Eventually, SRI will build more mobile units as well as a larger, more permanent version that will be installed at the U.S. rocket testing range at Poker Flat, Alaska.

Radar stations

Space weather affects you more than you think, says John Kelly, program director of SRI's Center for GeoSpace Studies. Global Positioning System satellites and DirectTV reception can be impacted by activity from the sun. A magnetic cloud can add electrical current to power grids, and thereby cause a blackout.

"If you can warn a power company of an influx of induced currents, they can protect against it," he said.

The astronauts on the Discovery space shuttle and the International Space Station also need weather updates.
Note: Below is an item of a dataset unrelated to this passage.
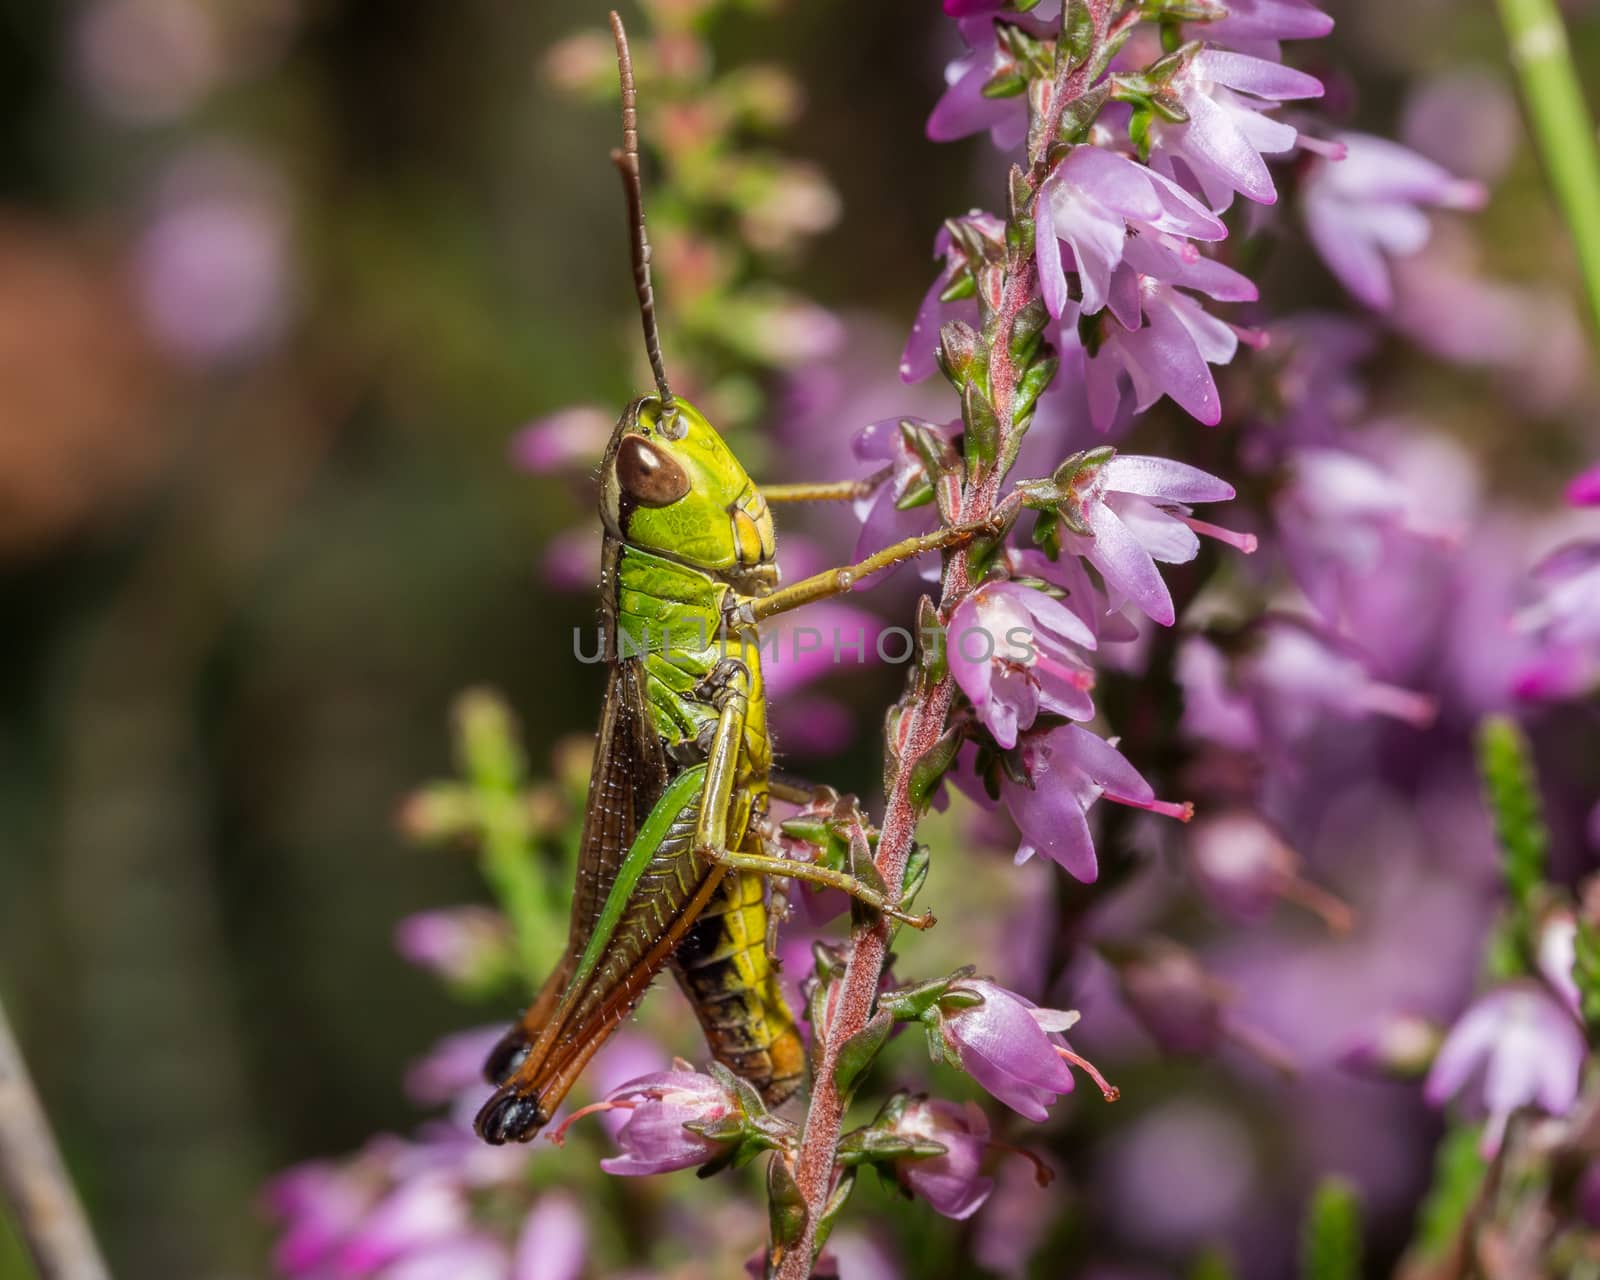 Grasshopper on pink flower by frankhoekzema

If a large solar flare erupts, Earth-bound technicians can warn them to stay inside.

Monitoring space weather, however, has been an expensive proposition. Permanent radar installations can sport reflectors measuring 1,000 feet in diameter.

The modular units are far smaller, and therefore less sensitive than the permanent radar stations, but they can perform many of the same functions, said Kelly. The units contain eight reflective panels measuring 1 meter by 1.5 meters each that can be arranged, depending on the task at hand.

"Because it is built out of these panels, you can build whatever shape and size you need," Kelly said.

Mobility also allows researchers to examine events in the ionosphere from different parts of the globe. Putting one of the units at the Jicamarca Radio Observatory near Lima, Peru, came about because SRI wanted to see how AMISR would function at the equator, while the Alaska test (at the High Frequency Active Auroral Research Program Observatory) was designed to see how the system worked in an arctic environment.